Immune Responses video
IMMUNITY IN HEALTH AND DISEASE
Immunity can be achieved naturally or artificially
Active immunity occurs when the immune system responds to a foreign antigen acquired either by natural infection or artificially, as by immunization.
In immunization, a nonpathogenic form of a microbe or part of a microbe generates an immune response to and immunological memory for that microbe.
Passive immunity occurs when antibodies are transferred from one individual to another.
t occurs naturally, when IgG passes from mother to fetus or when IgA passes from mother to infant in breast milk, or artificially, when antibodies from an animal immune to a disease are injected into another animal, conferring short-term protection.
The immune system's capacity to distinguish self from nonself limits blood transfusion and tissue transplantation
Certain antigens on red blood cells determine whether a person has type A, B, AB, or O blood.
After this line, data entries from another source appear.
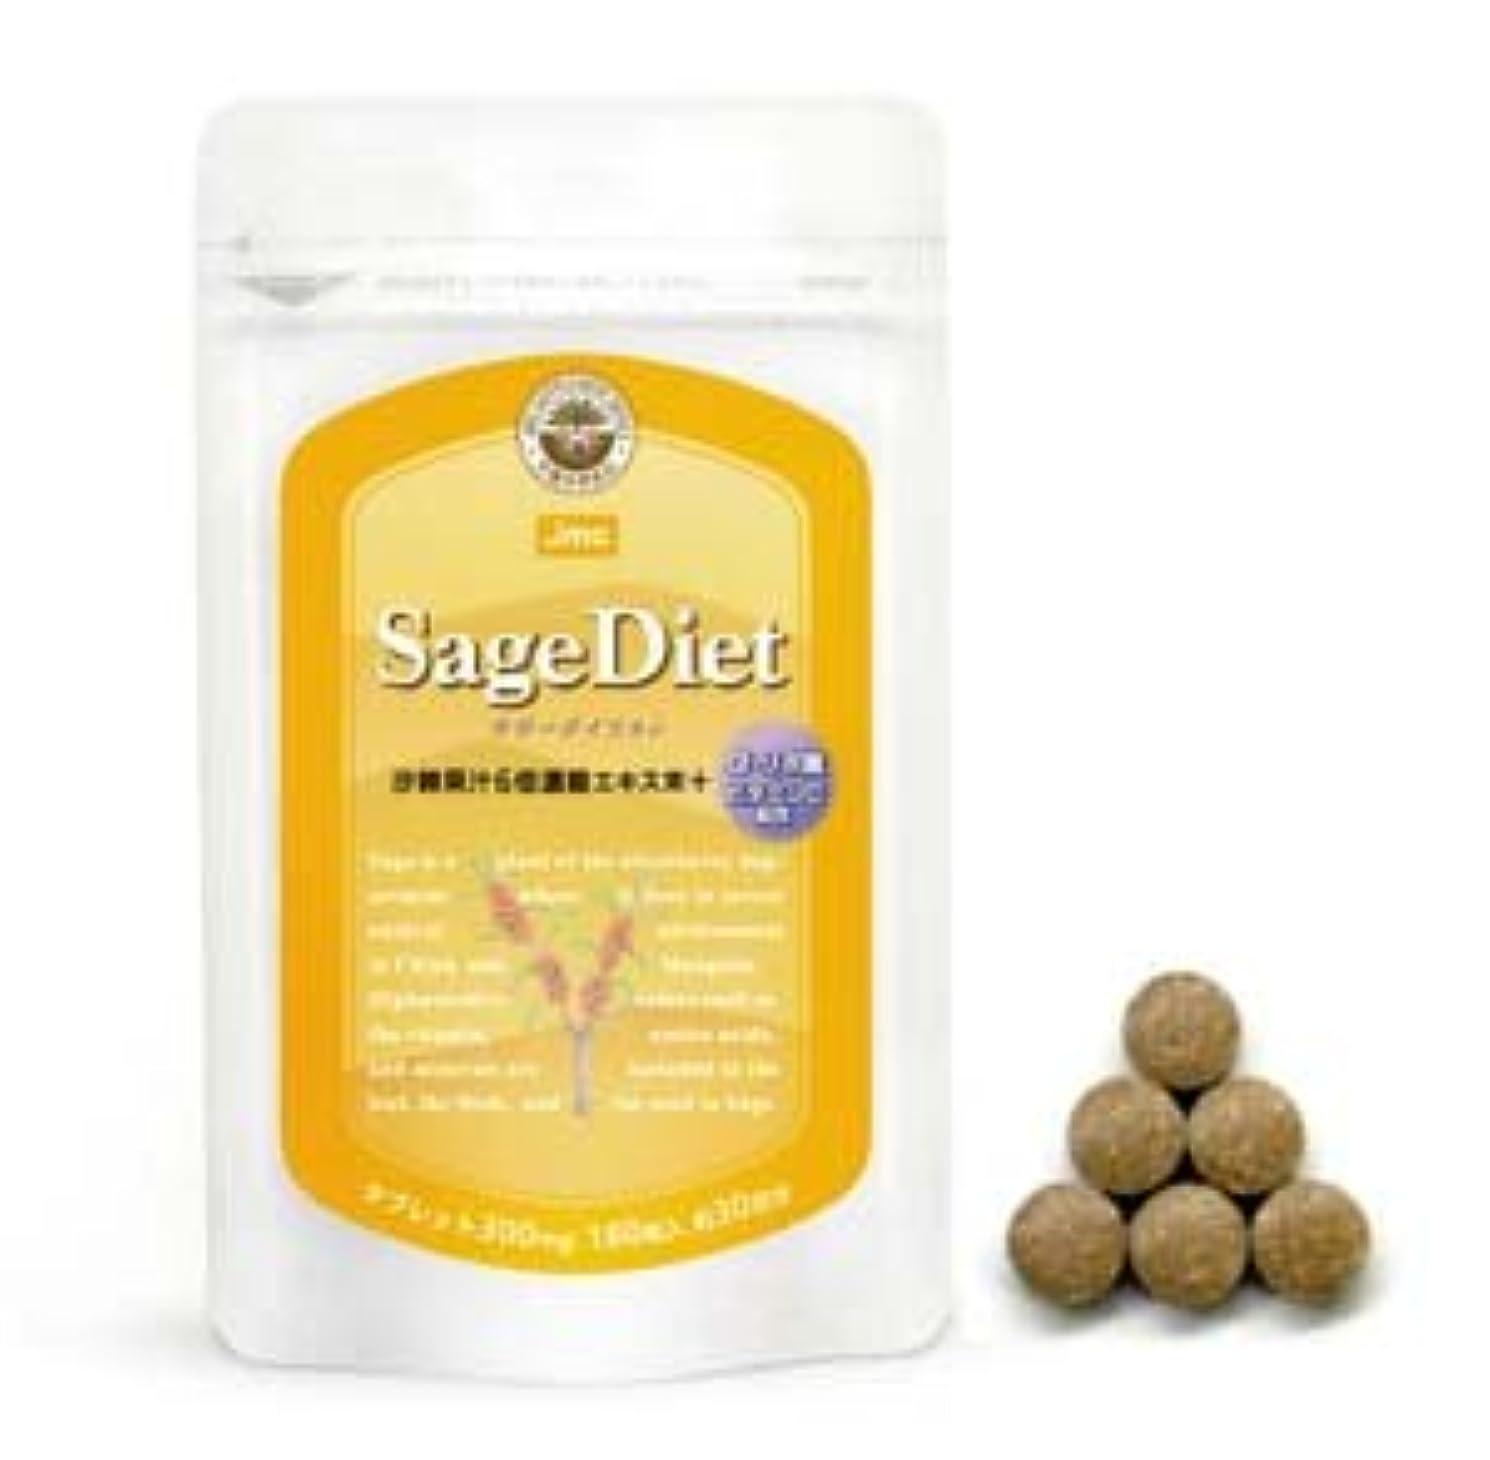 フィードバック裁判官動詞ジェイエムシー Sage Diet(サジーダイエット)  300mg×180粒
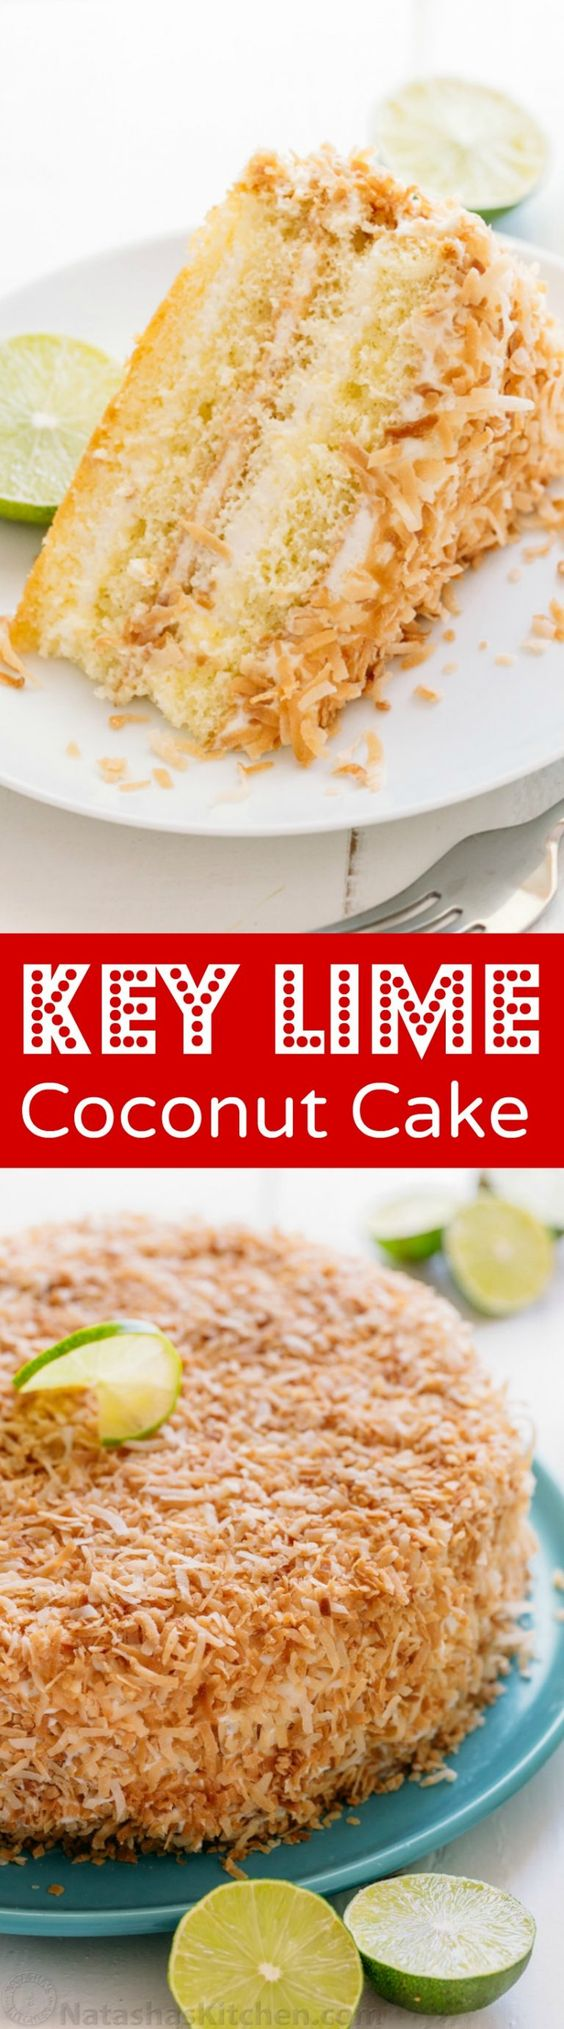 Key Lime торт является конечной летом партия торт.  Этот ключ извести пирог массированным с поджаренного кокоса и имеет сок 5 лаймов.  Так освежает!     natashaskitchen.com
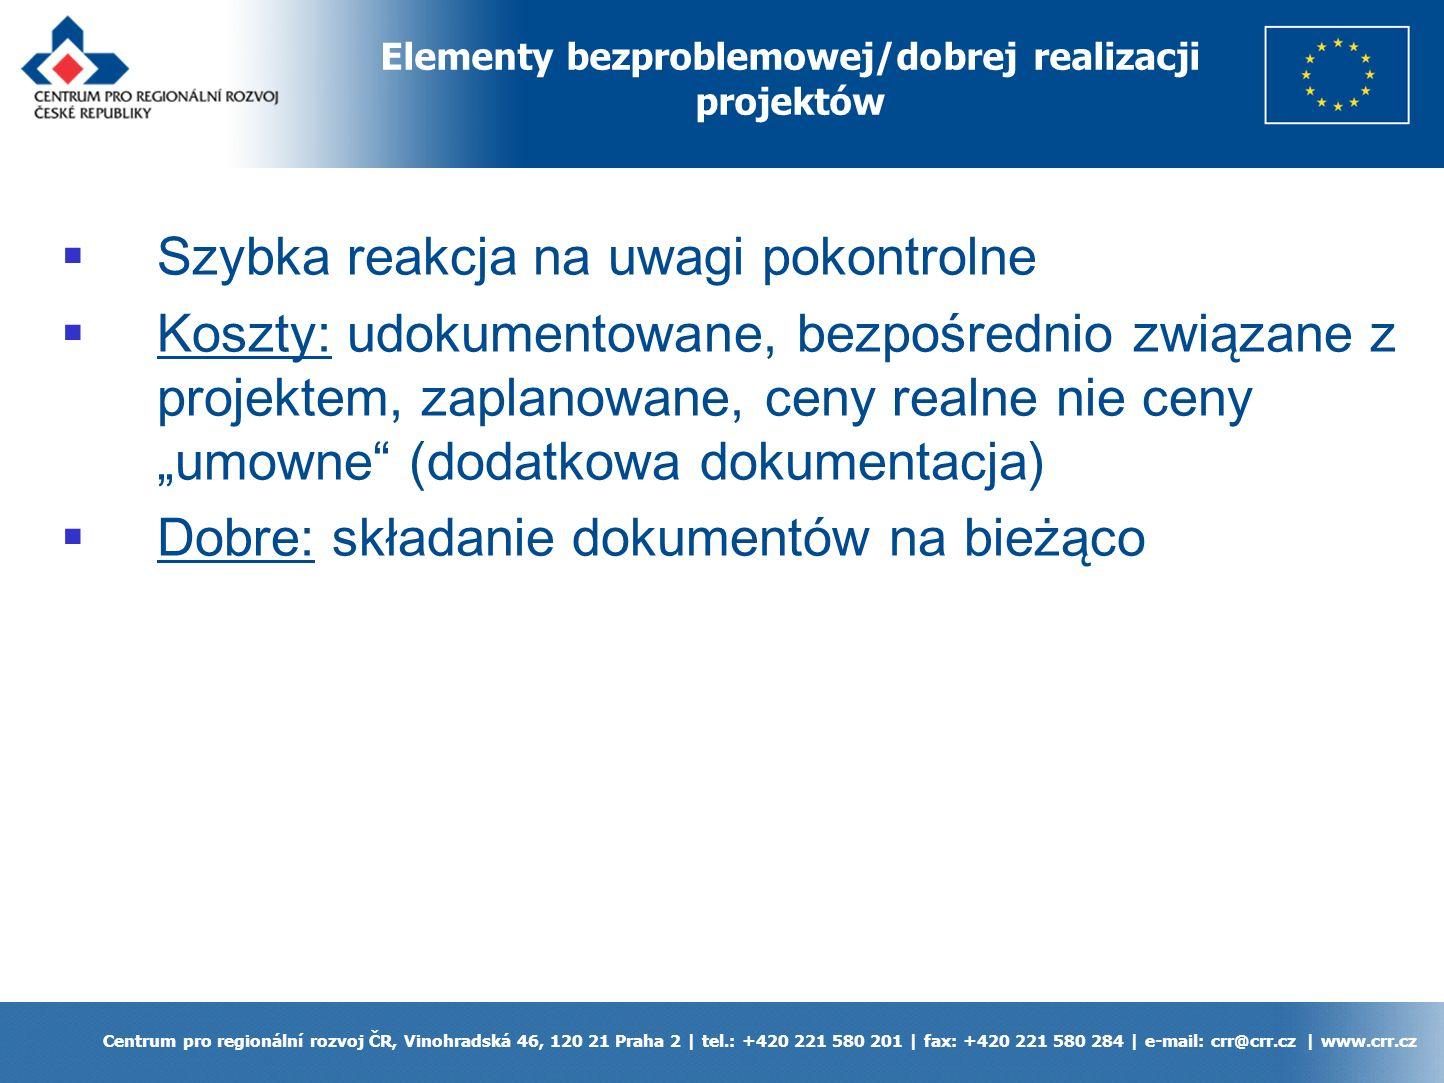 Doświadczenia z przygotowania umów /PPD (najczęstsze problemy) Centrum pro regionální rozvoj ČR, Vinohradská 46, 120 21 Praha 2   tel.: +420 221 580 201   fax: +420 221 580 284   e-mail: crr@crr.cz   www.crr.cz Różne dane/dane w załącznikach Próby rozliczenia kosztów niekwalifikowalnych Przeszacowane koszty CRR RCz ostatnia instytucja, w której można wprowadzić zmiany we wniosku przed podpisaniem umowy/wydaniem Decyzji obniżanie przeszacowanych kosztów podczas rozliczenia - nieprzyjemności (lepsze jest zapobieganie podczas składania i oceny projektu)

Antibodies to nonself blood types (generally IgM) already exist in the body.
If incompatible blood is transfused, the transfused cells are killed by antibody- and complement-mediated lysis.
The Rh factor, another red blood cell antigen, creates difficulties when an Rh-negative mother carries successive Rh-positive fetuses.
During delivery of the first Rh-positive infant, the mother's immune system develops anti-Rh IgG, which can cross the placenta and may attack the red blood cells of a subsequent Rh-positive fetus.
The chances of success in organ or tissue transplantation are improved if the donor and recipient MHC tissue types are well matched.
In addition, immunosuppressive drugs help prevent rejection. In bone marrow transplantation, there is danger of a graft versus host reaction.
Abnormal immune function can lead to disease
In allergies such as hay fever, an allergen, such as pollen, triggers histamine release from mast cells, inducing vascular changes and typical symptoms.
Sometimes the immune system loses tolerance for self, leading to autoimmune diseases such as rheumatoid arthritis and insulin-dependent diabetes.
Some people are naturally deficient in humoral or cell-mediated immune defenses, or both.
AIDS is an immunodeficiency disease caused by a virus
Acquired immunodeficiency syndrome (AIDS) is caused by the direct and indirect destruction of CD4-bearing T cells by HIV, the human immunodeficiency virus, over a period of years.
AIDS, the final stage of this process, is marked by low helper T cell levels and opportunistic diseases characteristic of a deficient cell-mediated immune response.